The Road to a Satisfying Sex Life 

Heather Sutton Walsh, MD, PhD

Experts and popular culture all agree: better sex and better intimacy lead to overall well being. However, many women do not have a fully satisfying sexual life, and a majority of them do not seek help from their doctors. Many factors contribute to our silence related to sexual health, but chief among these is the idea that we are the only one with our particular problem.

Many factors affect female sensuality. Masters and Johnson created a model of normal sexual function that described a progression from excitement, to plateau, to orgasm, and then resolution. Today, the sexual model proposed by Rosemary Basson is considered more representative of female sexuality. Basson described women’s desire as a response to intimacy and sexual stimulation. Some women do not necessarily have a strong desire to have sex, but once they are stimulated by a loving partner, desire develops.

Medical barriers to sexual well-being most often develop from chronic disease, especially coronary heart disease, diabetes, depression, and cancer, or hormonal issues that may or may not be related to increasing age, and side effects of medications. These conditions can interfere with all aspects of sexual functioning.

Female sexual dysfunction is related to the same risk factors as coronary vascular disease: smoking, high blood pressure, and high cholesterol. Women with hypertension may have decreased vaginal lubrication, decreased orgasm, and increased pain. Some antihypertensive medications can induce sexual dysfunction in otherwise normally functioning patients. Experts theorize that women with diabetes may experience decreased sexual function due to neuropathy, hormone changes, and vascular disease.

Women with diabetes may also have decreased vaginal lubrication, decreased orgasm, and increased pain with intercourse. Sexual problems related to cancer can develop after surgery, chemotherapy, radiation, hormonal manipulation, and medications.

Married women are at higher risk for depression than non-married women. Depressed women are at risk for sexual disorders. Another mental health issue that affects sexual function is chronic and acute stress. 

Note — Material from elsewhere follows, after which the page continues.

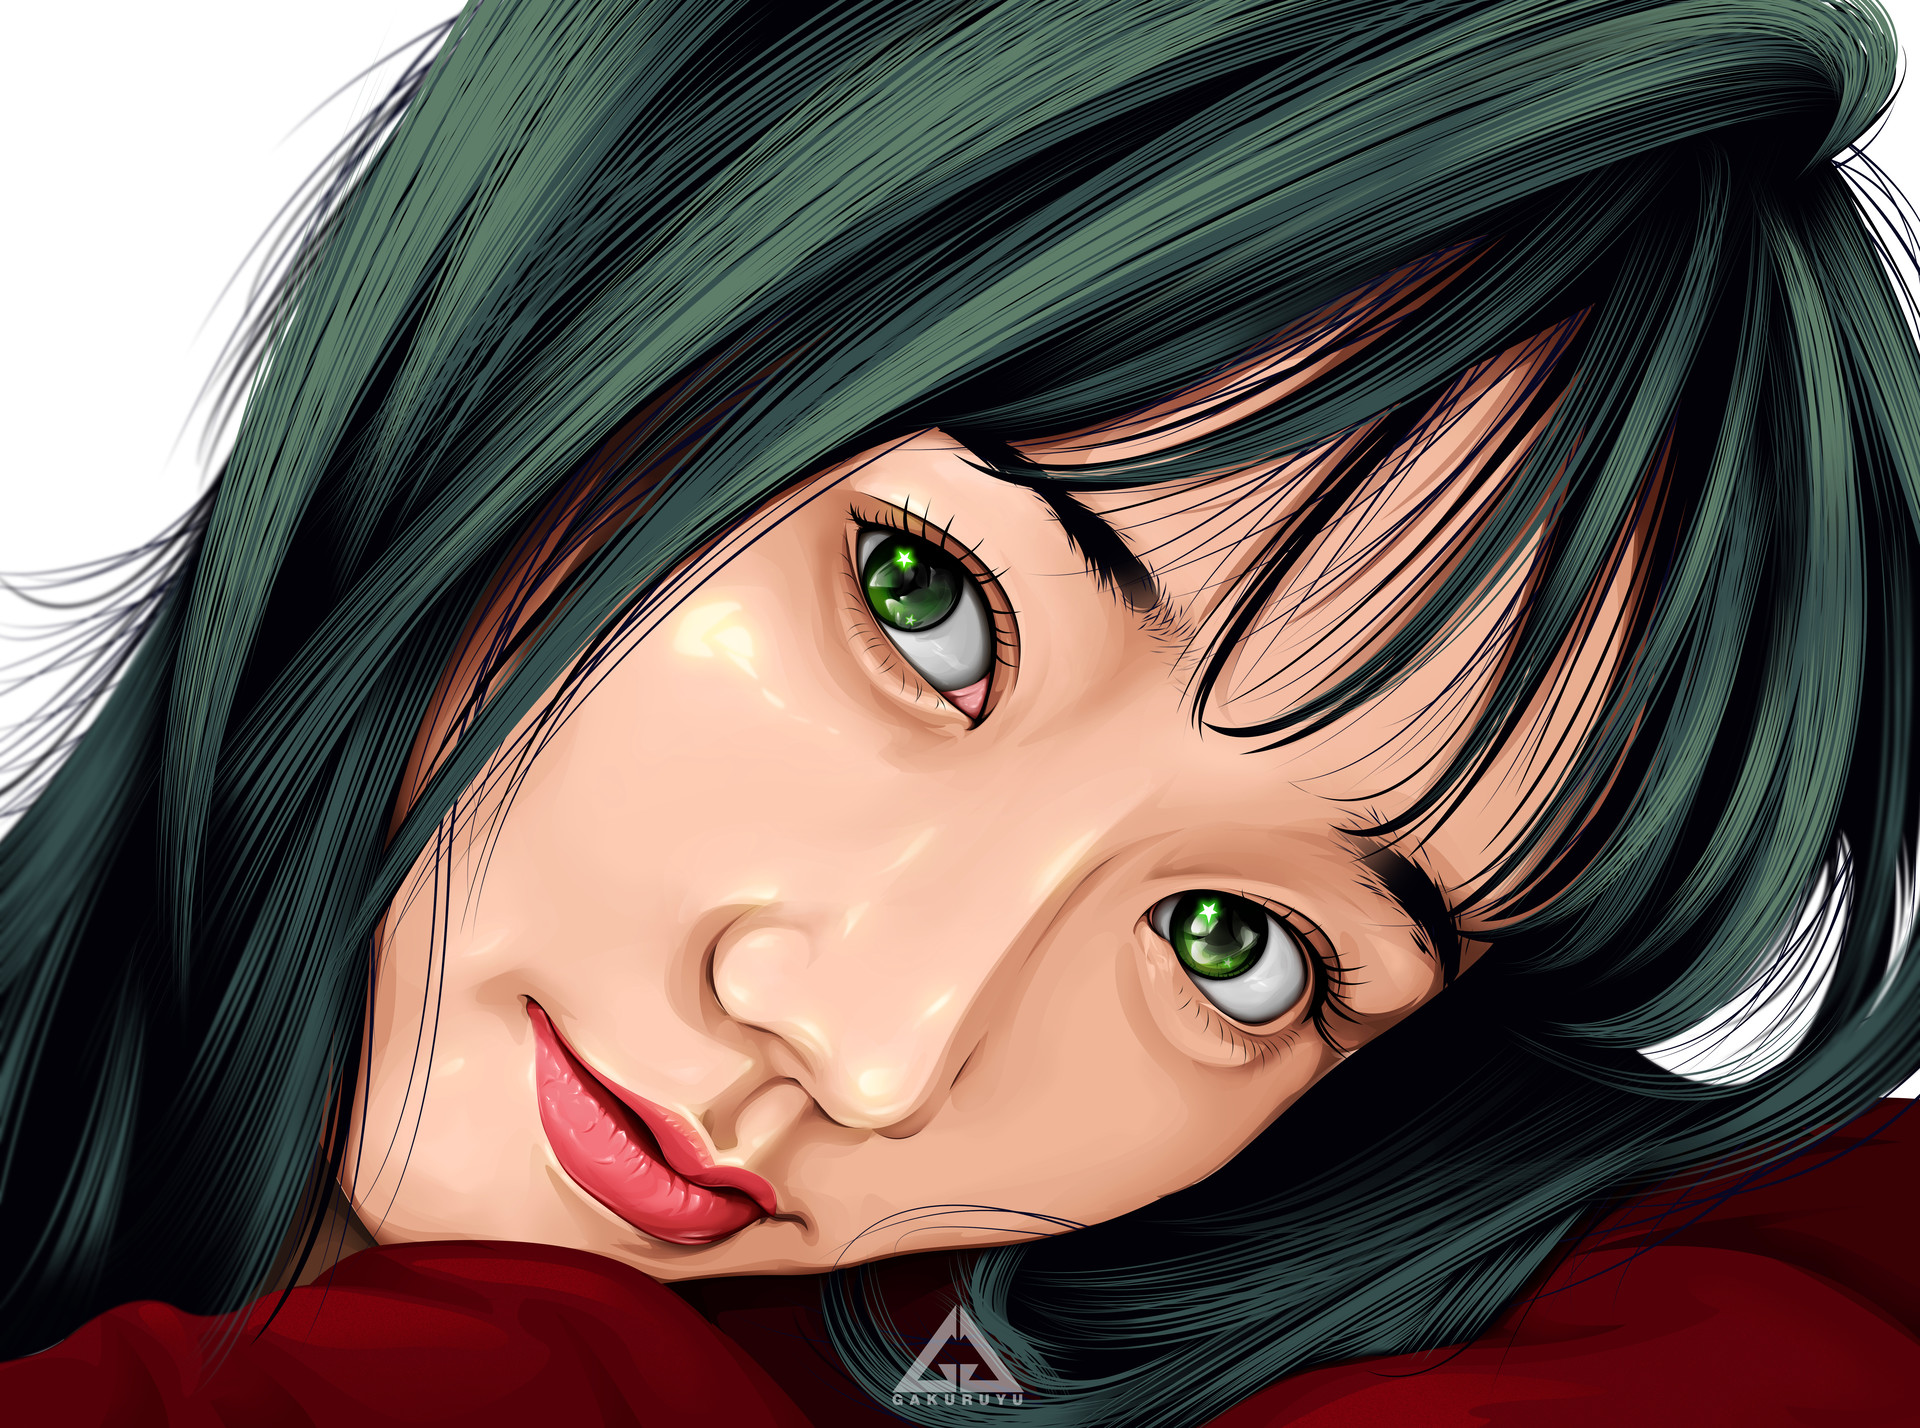 vexel art portrait vector illustration girl by gakuruyu artwork

Relationship variables, attitudes towards sex and aging, and cultural background have a greater impact on sexual function than hormones and aging. Indeed, it has been shown that a good relationship protects against sexual decline in menopause. While hormones (estrogen and testosterone) are important in maintaining normal sexual function in women, the extent is still unclear. Aging will naturally lead to a decline in sexual activity, and a decline in hormone levels can lead to a decline in desire, vaginal atrophy, and/or delayed orgasm.

There is controversy regarding the sexual effects of hormonal contraception. Some research reports an increase in desire with oral contraceptive use, while others show little to no change, and still others show decreased desire. Some prescription medications improve sexual function, while others impair it. Common medications that may impair sexual function include antidepressants, antihistamines, antihypertensives, antipsychotics, anti-anxiety meds, cardiovascular agents, and chemotherapy.

Relationship and communication barriers are also frequent sources of female sexual problems. The ability of partners to have conversations about intimate issues such as lubrication, sexual self image, body image, and clitoral stimulation is the foundation of sexual health in committed relationships. Couples need to understand that long-term sexual relationships are complicated and change over time. As individuals change, the couple’s relationship changes, and there may be gender differences in feelings and thoughts about sexuality. To be successful in long term relationships, it is critical for couples to have interactive skills to build sexual communication and sexual technique compatibility, and to learn how to successfully manage health, psychological, and life stage issues.

Female sexuality experts agree there should be a focus on the more positive aspects of sexuality for women. Your doctor should be willing to have open, frank discussions about any sexual concerns you may have. He or she can offer help for sexual problems and also assist those without sexual problems who simply wish to enhance their sexual lives. Since sexual problems usually involve both medical and psychological issues, these problems need careful assessment. Treatment for any underlying disorders is important, as is consideration for referral to a sex therapist. Lubricants can be recommended to reduce sexual discomfort and potentially enhance feelings of sensuality and intimacy. These products may help women overcome medical and psychological barriers to sexual well-being.